With much fear, trepidation, teeth gritting, loin girding, and financial support from Dad ( to whom I shall dedicate this blog as a down payment to the substantial loan) I Jammie shuttled my way back to UCT;15 years after graduating; to do a Post Grad Certificate in Education[PGCE], to become ..dun dun dun…a teacher. I've been told by a number of people for years that I would be an amazing teacher, but I resisted and rallied against it due to the fact that I loathed school with its petty rules and regulation (nylon) socks and wanted no part in perpetuating the rot (my favorite phrase). I hated the smell of school corridors – sort of a peanut butter meets cheap disinfectant meets vomit stink.

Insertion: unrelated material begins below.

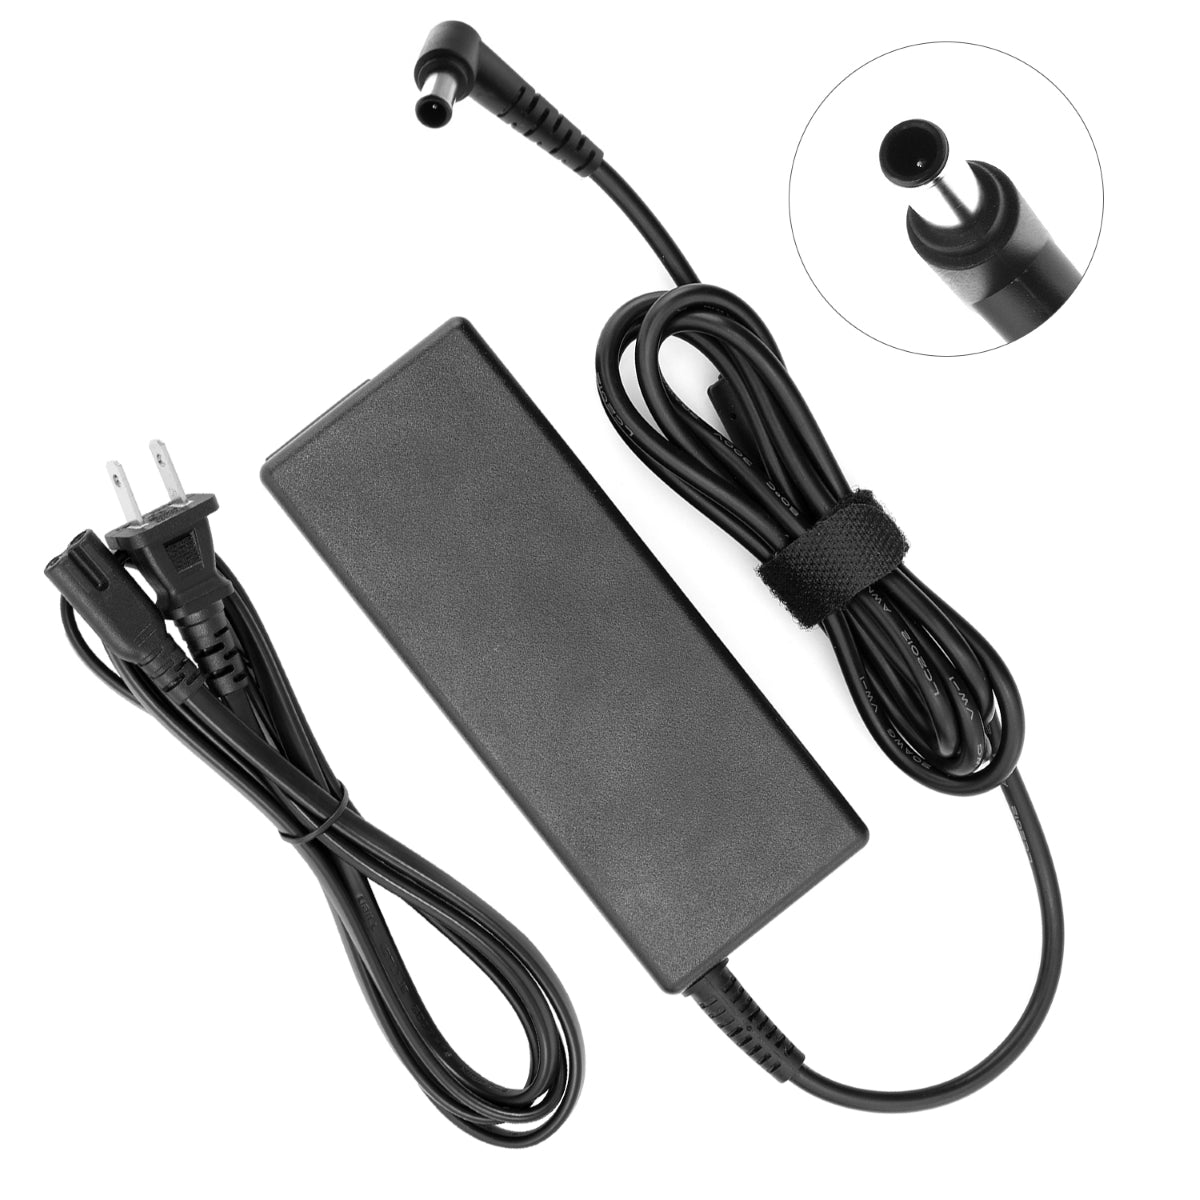 Power Adapter for LG 35WN65C-B Monitor TV

I hated the sound of the bell, even if it occasionally meant we could leave after it, there were still 11 or so bells before that – signaling us to move from one tired drudgery to the next. I wanted no part of it.

What changed? Well, I’ve been trying to figure that out all year. Studying again was fantastic – I took in so much more than the first time round and actually relished (okay relish is a strong word) but I took some pleasure in writing essays and attending lectures. People perpetually ask me “so why did you decide to go into teaching?” and I invariably stutter out some altruistic catch phrase like – “I get on well with young people” or “It’s the least I can do to effect real change” blah blah fishpaste. But to be honest I think I agreed to go into it because it was a) something I am already half qualified to do, b)I don’t have any other realistic ideas, c) it is something of a global passport should I ever manage to leave this place and finally d) I was really quite drunk when I agreed to do it. (not my fault).

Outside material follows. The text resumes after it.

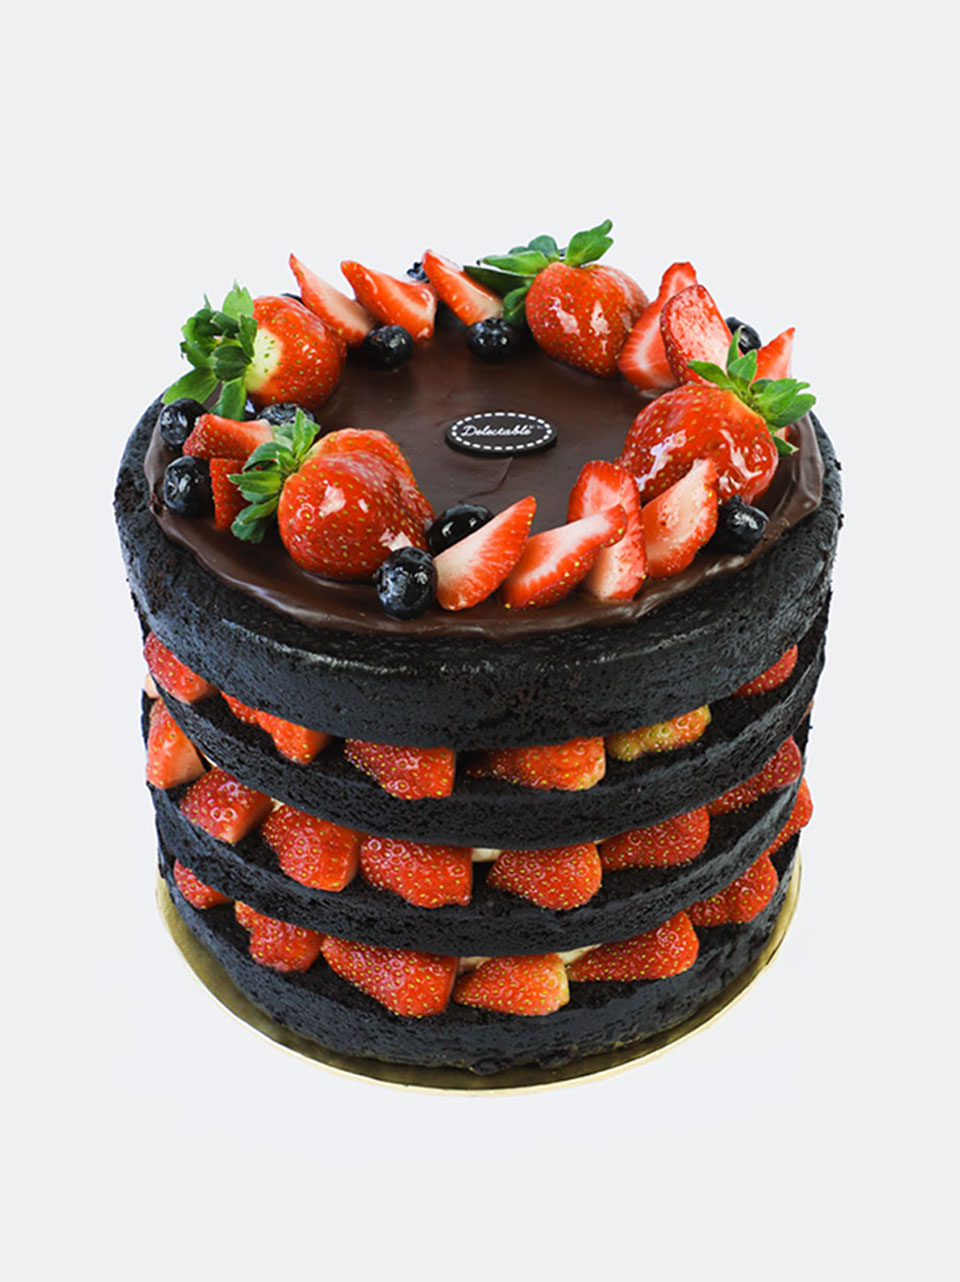 Delectable Cake - Cake delivery Malaysia

So now I’m a teacher. Talk about global disasteryness. I have to admit though, I kinda dig it. I do in fact get along well with young people, and that the fact that education in this country is in such shattered tatters, maybe, just maybe I can make a difference – even if it’s to one kid at a time. Hells! Is this a whiff of altruism mixing with the peanut buttery odor that has become my life?

People in the Education industry have almost as much self importance as in the film industry but this time its really quite valid – in some instances anyway. Behind the chest puffing, the endless meetings about meetings, and the implicit hierachry within a school, these people have made the decision to do one of the most vital of tasks in society – to educate the youth. Even if one looks at it as a form of artful colonization, the fact that these people are there, earning what they are (pitifully) means that there is or was some passion and compassion in their hearts and minds. Hey! Me too!

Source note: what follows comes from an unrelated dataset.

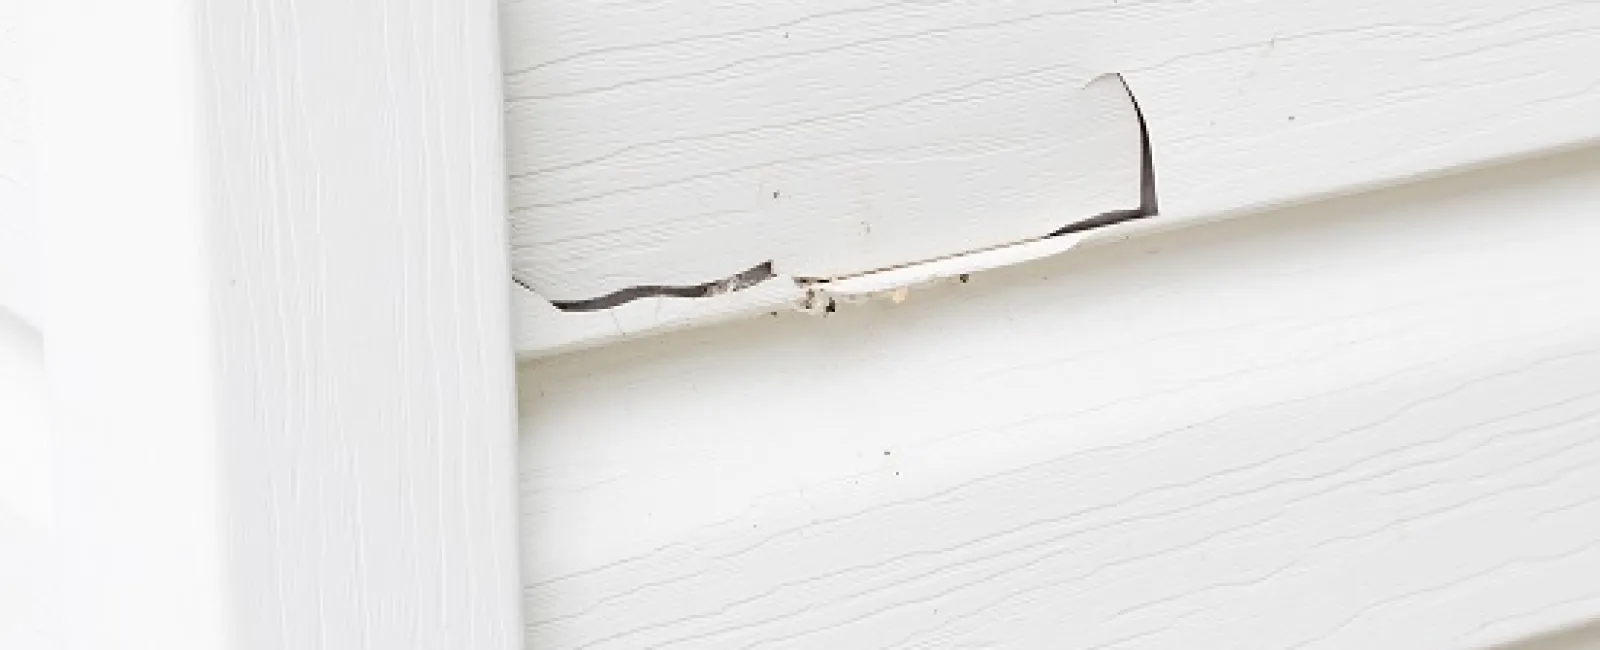 Telltale Signs Your Home’s Siding Needs to be Replaced

It’s really like any other System. You have to deal with a ton of bureaucratic bullshit before any real change or progression can be demonstrated, which naturally leads to stagnation and mistrust in teachers and school administrators. I’ve been teaching for less than a year now and already I find myself weary and disillusioned. What helps me get up at such a god-awful time in the morning every day, is the relationships I have made. I adore my learners. They are not just a sea of vacuous faces waiting to be fed knowledge. In fact most of them couldn’t give a damn about gaining any knowledge at all – but I have made an (initially unconscious) effort to know them individually, to have a relationship with them that goes beyond school and overdue essays and DT’s.

I worry a lot that this may be a ridiculously naive approach which could lead to either me burning out completely after a year or two ; or the learners literally treating me only as a peer and not someone they should respect, who is worthy to be learned from. And shouted at by.  However any other way of approaching this would be forced for me. This is my natural way – and probably why all those people urged me to start teaching in the first place. We shall see soon enough.

My intention for this blog is not to make it all about the politics of education and  potentially dry, academic debate, but just to open a window to it as part of my life and thoughts, whims and musings.